Since Git 2.23, the recommended command for this operation is git restore. The checkout command does so many things (switching branches, restoring files, detaching HEAD) that Git introduced restore and switch specifically to make these operations clearer and less error-prone.
The LLM answered the query from memory, and its memory reflects common usage patterns from training data rather than what the documentation recommends today. The answer isn't dramatically wrong. It's subtly wrong in exactly the way that's hard to catch.
Now here's the same question answered by GitQuest, the RAG-powered Git support agent we built, after retrieving relevant chunks from the official Git documentation:
You can discard all the changes you made to a file and restore it to
the last committed state using the following command:
$ git restore path/to/file
This command replaces path/to/file with the contents that it had in
the last commit, effectively discarding all local changes you made
since then.
SOURCE:
[manual] b3a9662b3118d957 | Git User Manual :: Checking out an old
version of a file
Same question, better answer, grounded in the official docs. And critically, the RAG version includes a citation pointing back to the exact documentation chunk it drew from, so you can verify the answer before running anything risky.
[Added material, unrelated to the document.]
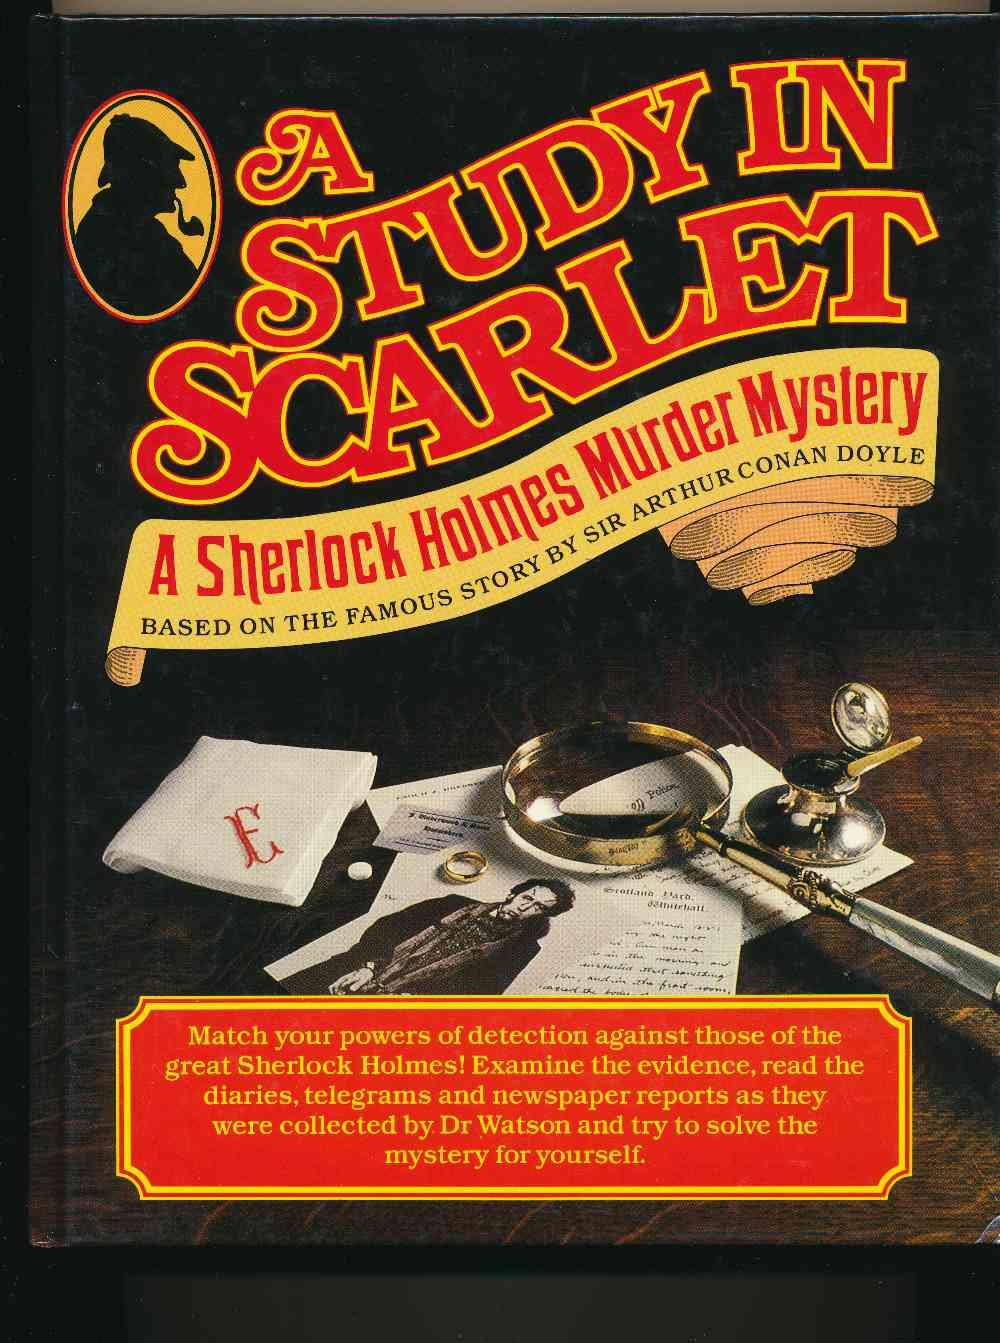 A study in scarlet : a Sherlock Holmes murder mystery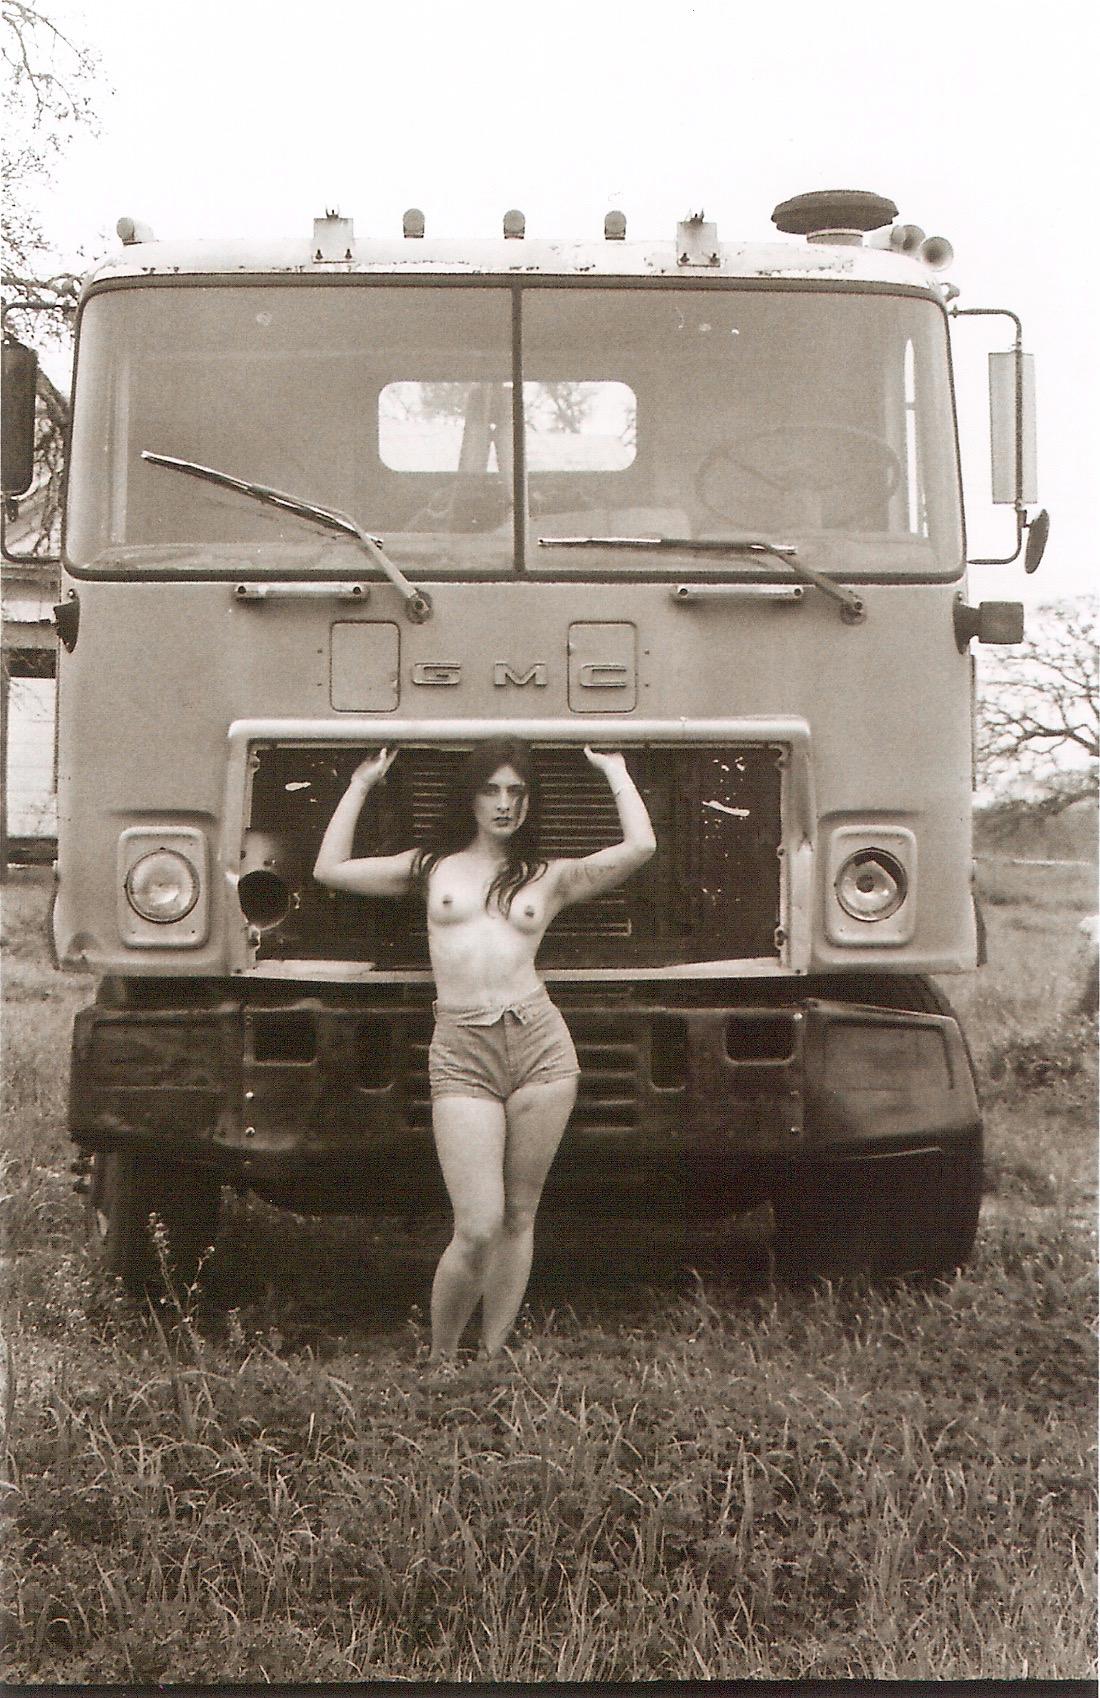 topless-girl-gmc-heavy-duty-truck-black-and-white-film-35mm-film-santana-social-club.jpeg

That's the core value of RAG. Not just a different answer, but a traceable one.
How a RAG pipeline works
Retrieval-Augmented Generation (RAG) gives a language model access to a knowledge base at query time so it can ground its answers in real documentation rather than relying on what it memorized during training.
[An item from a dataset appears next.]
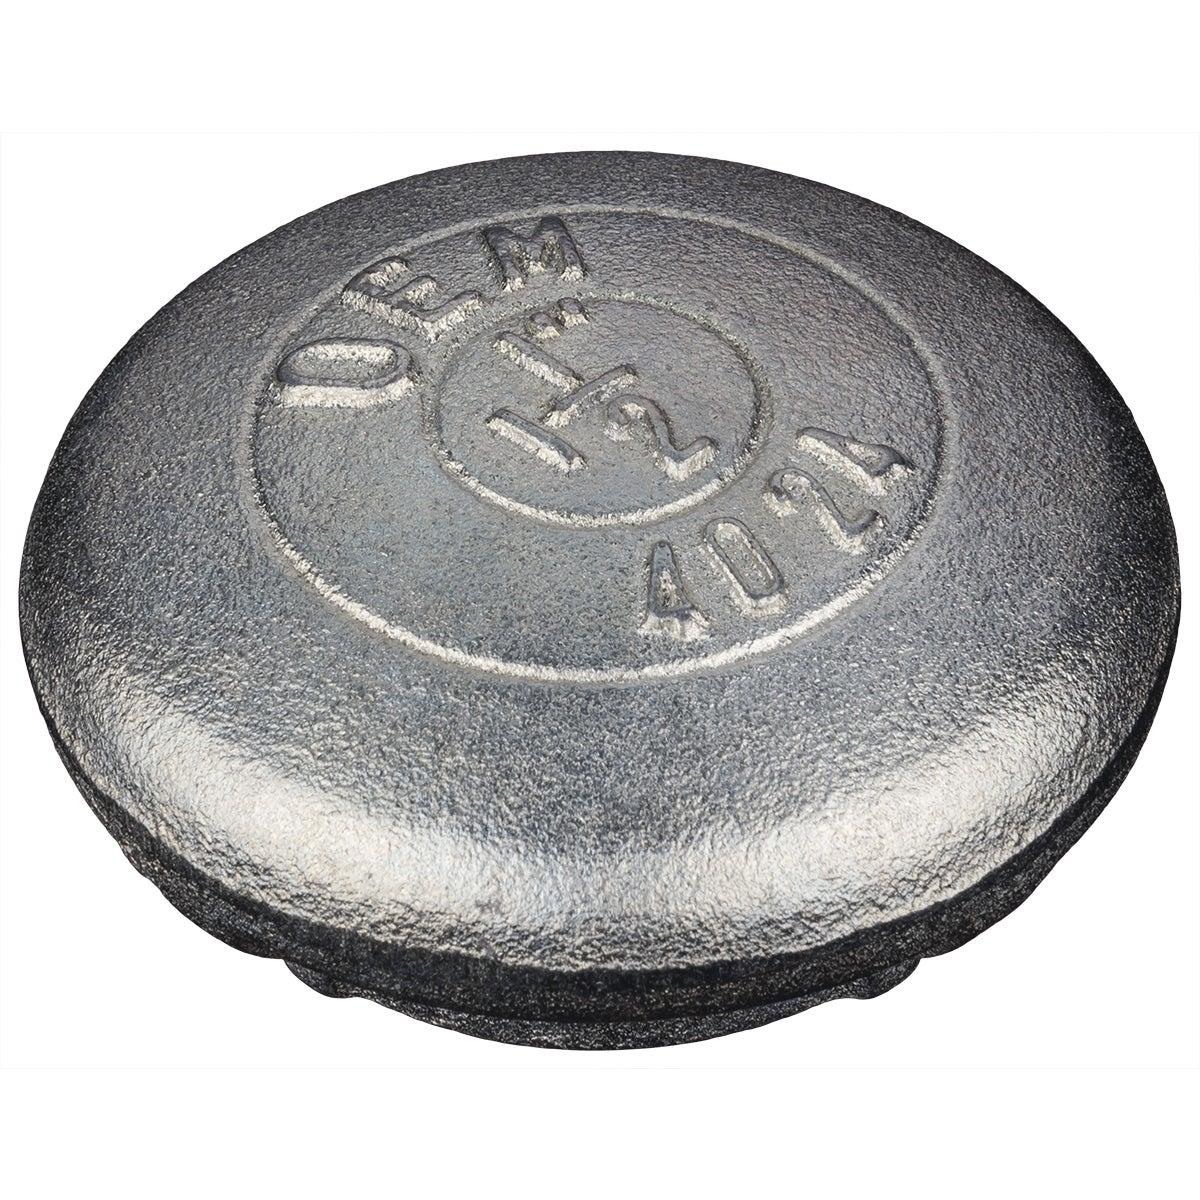 1-1/2 MSHRM TNK VENT CAP - DIB464152 by Rheem

The result is a system that:
- Answers questions accurately in your specific domain
- Cites its sources so users can verify answers
- Says "I don't know" when the documentation doesn't cover the question
The four-stage pipeline
Every RAG system follows the same basic flow:
- User query. A natural language question comes in. No special formatting required.
- Retrieve. The query gets embedded into a vector and used to search a vector database for the most semantically similar documentation chunks.
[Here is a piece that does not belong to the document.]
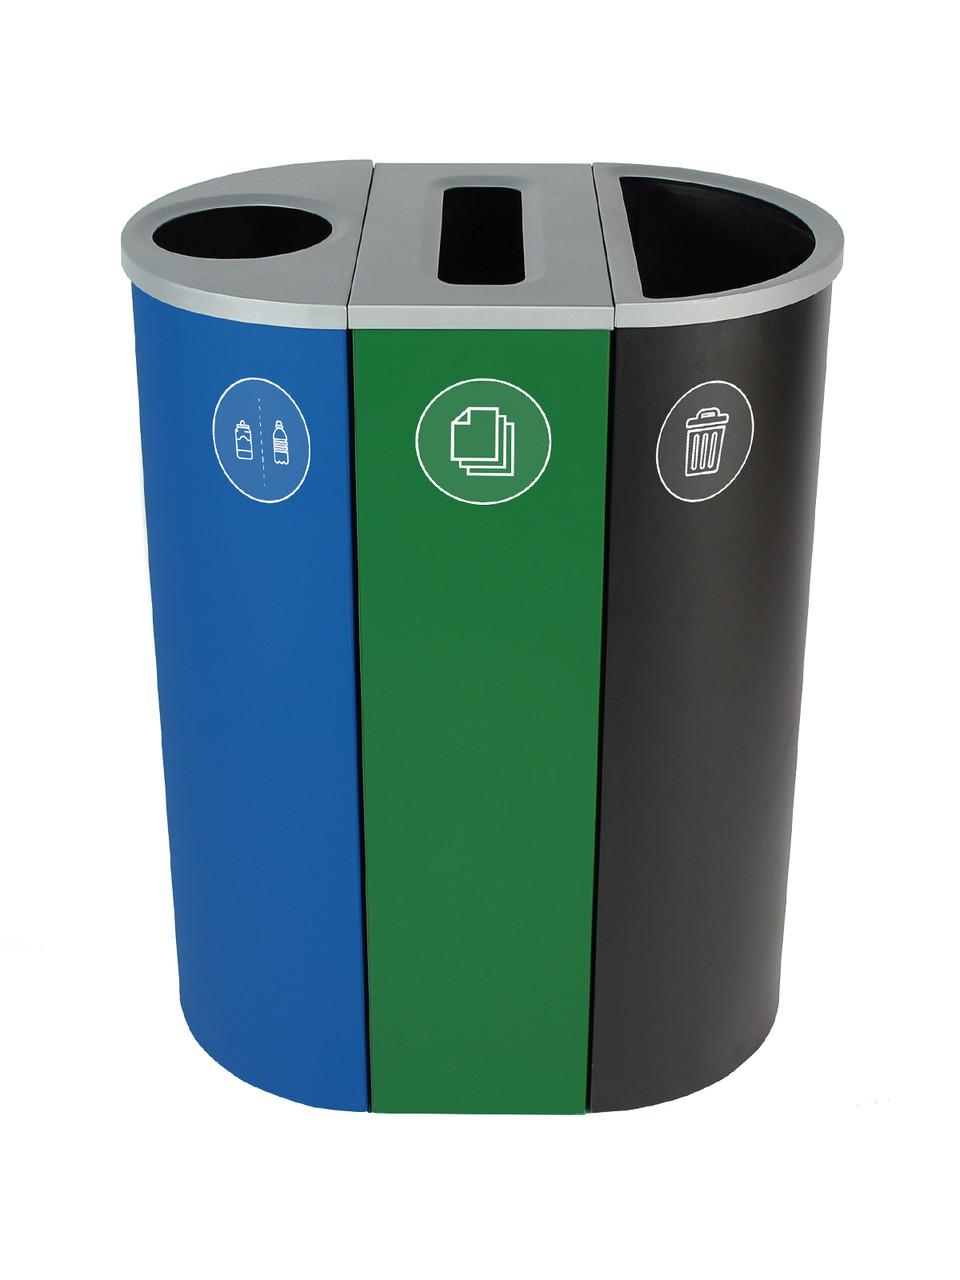 26 Gallon Spectrum Triple Recycling Station Blue/Green/Black 8107108-134

- Augment. The retrieved chunks get formatted into a structured context block and injected into the prompt alongside the user's question.
- Generate. The augmented prompt goes to the LLM, which reads the provided documentation and produces a grounded answer with citations.
To make this concrete, we built ours on 334 chunks of official Git documentation drawn from the manpages for 27 core Git commands and chapters from the Git User Manual. Those chunks are pre-embedded and stored in a ChromaDB vector database, ready for querying.
If you want to explore the dataset on your own, you can download it here: Introduction_to_RAG.zip
Building the first pipeline (and watching it hallucinate)
The most instructive moment in the build process isn't when the pipeline works. It's when it confidently gives a wrong answer. A correct answer tells you the pipeline handled that query well. A confident wrong answer is more valuable because it reveals the pipeline's blind spots and the kinds of failures it won't flag on its own. Those are the answers worth paying close attention to, because from the outside they look identical to the good ones.
We ran into one of these early, and it changed how we designed the rest of the system.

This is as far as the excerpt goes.